Текст книги "Бездна обещаний"
Автор книги: Номи Бергер
сообщить о нарушении
Текущая страница: 11 (всего у книги 32 страниц)
14
В течение последующих двух лет большинство критиков величали Кирстен не иначе, как «ярчайшей новой звездой, взошедшей на музыкальном небосклоне». Правда, были и такие, кто предпочитал критику комплиментам в адрес молодой пианистки. Критики старшего поколения надменно упрекали ее в излишнем новаторстве, молодые же находили Кирстен недостаточно авангардной. Для кого-то она была либо слишком резкой, либо излишне утонченной, а для кого-то слишком «дикой» или слишком «домашней» или же откровенной или чересчур туманной. Но несмотря на разность суждений, все в один голос говорили о творчестве Кирстен только в превосходных степенях. Похоже, что Кирстен Харальд судьбой было уготовано возбуждать в людях только крайние точки зрения.
Кирстен по-прежнему радовалась любому признанию ее мастерства, в ответ же на резкую критику она с удвоенной силой трудилась, оттачивая технику и мастерство исполнения. Кирстен была глубоко убеждена, что она, как музыкант, совершенна ровно настолько, насколько совершенна последняя взятая ею нота. Эту истину она доказывала себе на каждом выступлении. Сомнения не пугали ее, а придавали новые силы, чтобы преодолевать их.

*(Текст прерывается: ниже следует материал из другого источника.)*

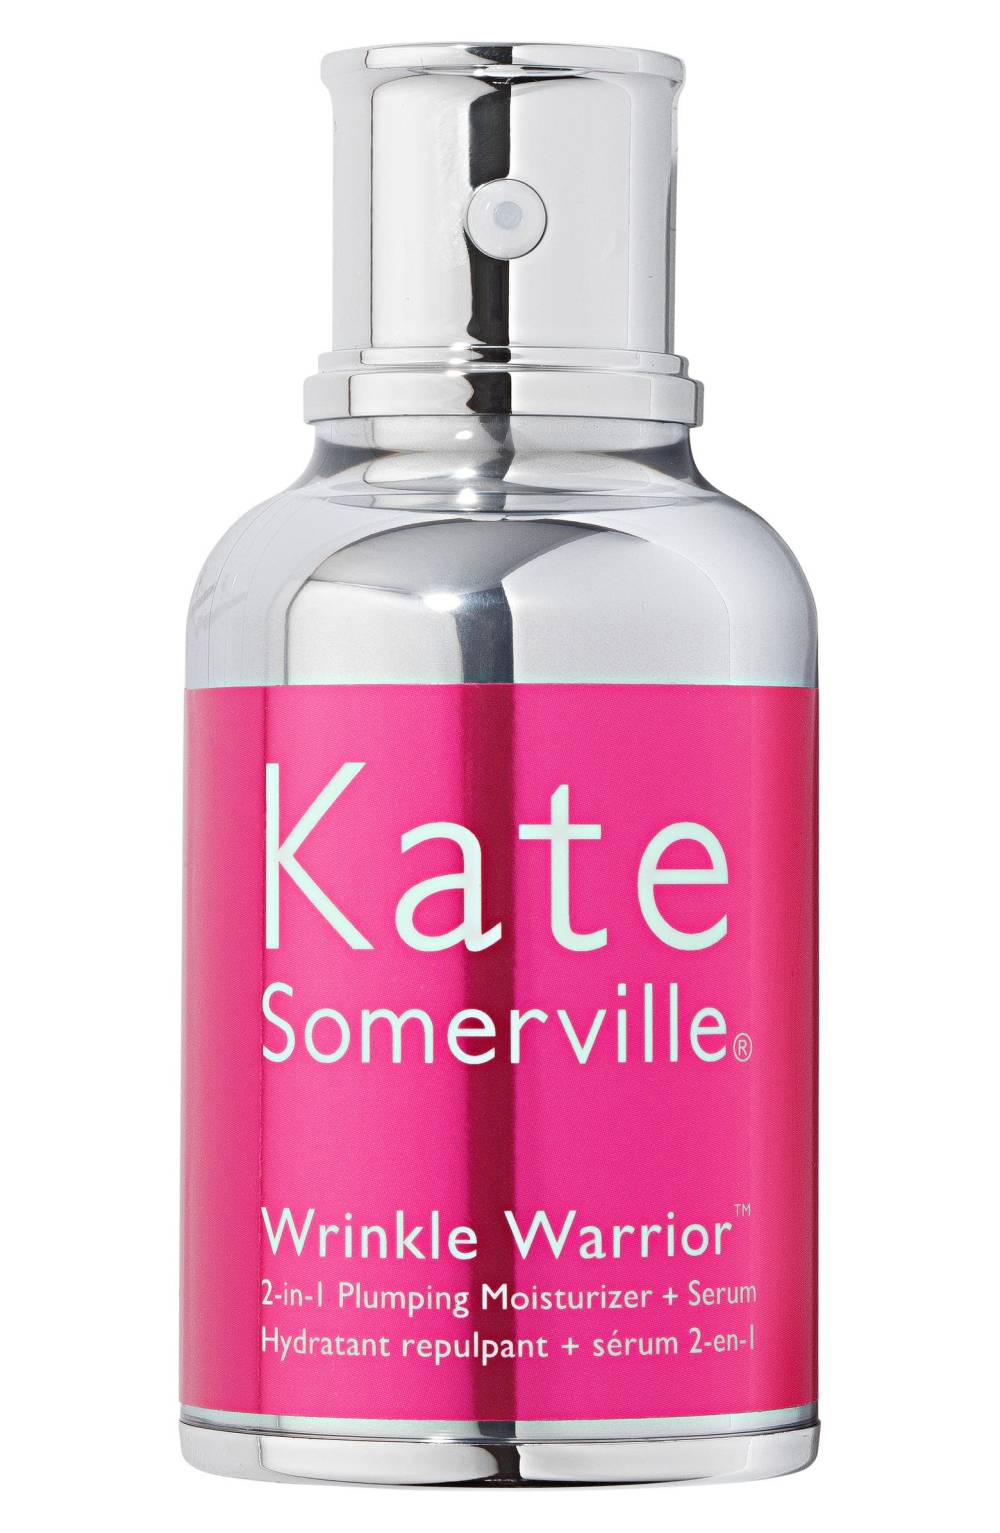 Kate Sommerville Wrinkle Warrior™ 2-in-1 Plumping Moisturizer + Serum
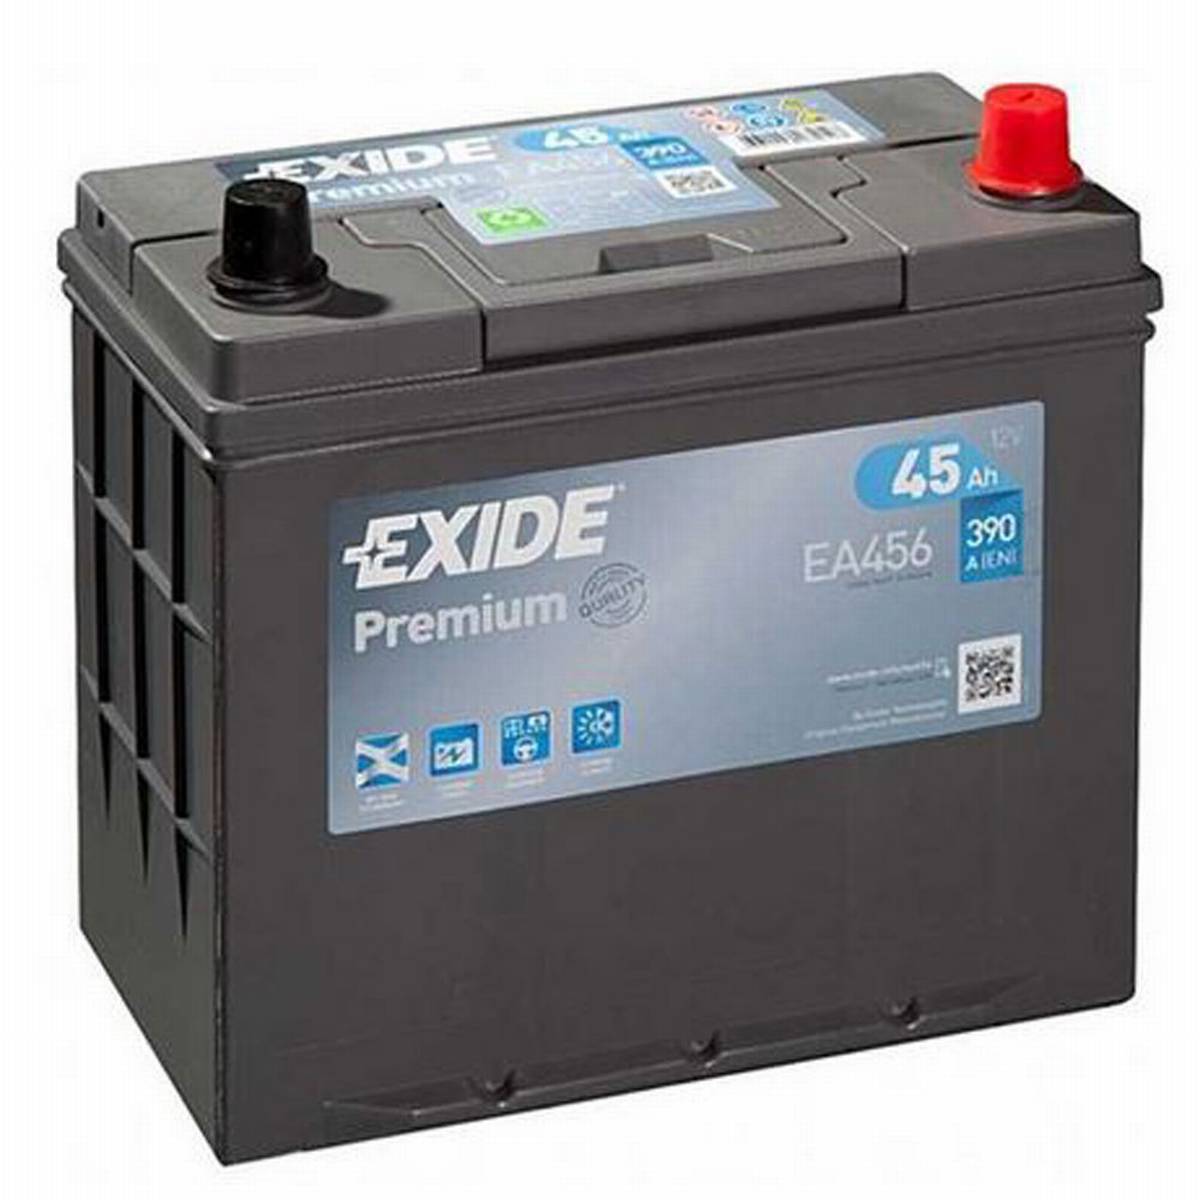 Exide EA456 Premium Carbon Boost 12V 45Ah 390A Autobatterie

Выступая на сценах всех крупнейших концертных залов Америки, Канады и Европы, Кирстен завоевала сердца коллег-музыкантов и десятков тысяч почитателей классической музыки, составлявших ее аудиторию. Теперь она принадлежала миру, сделавшему Кирстен обожаемым идолом. Ею восхищались, баловали и трепетали перед ней. Кирстен подражали. Руководители оркестров и дирижеры соперничали между собой в борьбе за ее благосклонное внимание, словно ревнивые поклонники, наперебой приглашая Кирстен для участия в концертах и студийных записях. Невероятная профессиональная занятость совершенно не оставляла Кирстен времени на личную жизнь. Но молодая женщина и не желала иной судьбы.
Кирстен одевали самые знаменитые модельеры мира, всегда учитывавшие пристрастие звезды-пианистки к цвету лаванды. О красоте Кирстен, как и о ее таланте, ходили легенды. Но если Кирстен Харальд-пианистка всегда была в центре внимания прессы и ненасытной публики, то Кирстен Харальд-личность оставалась для всех загадкой. Ее частная жизнь тщательнейшим образом охранялась родителями и офисом Нельсона. И это обстоятельство еще больше усиливало привлекательность Кирстен.
День, когда она с родителями переехала с Девятой авеню, стал для Кирстен одним из самых знаменательных в жизни: огромная квартира с тремя спальнями на Восточной Восемьдесят первой улице воплощала исполнение одного из самых важных обещаний, данных себе Кирстен. Для оформления квартиры наняли нью-йоркского дизайнера Билли Болдуина, и по настоянию Кирстен вся квартира была выполнена в белом цвете. После грязи и убогости их прежнего дома больше всего ей хотелось постоянного ощущения чистоты и простора. Кирстен мечтала, чтобы новое жилище стало раем для их маленькой семьи. Именно такое место и создал Болдуин.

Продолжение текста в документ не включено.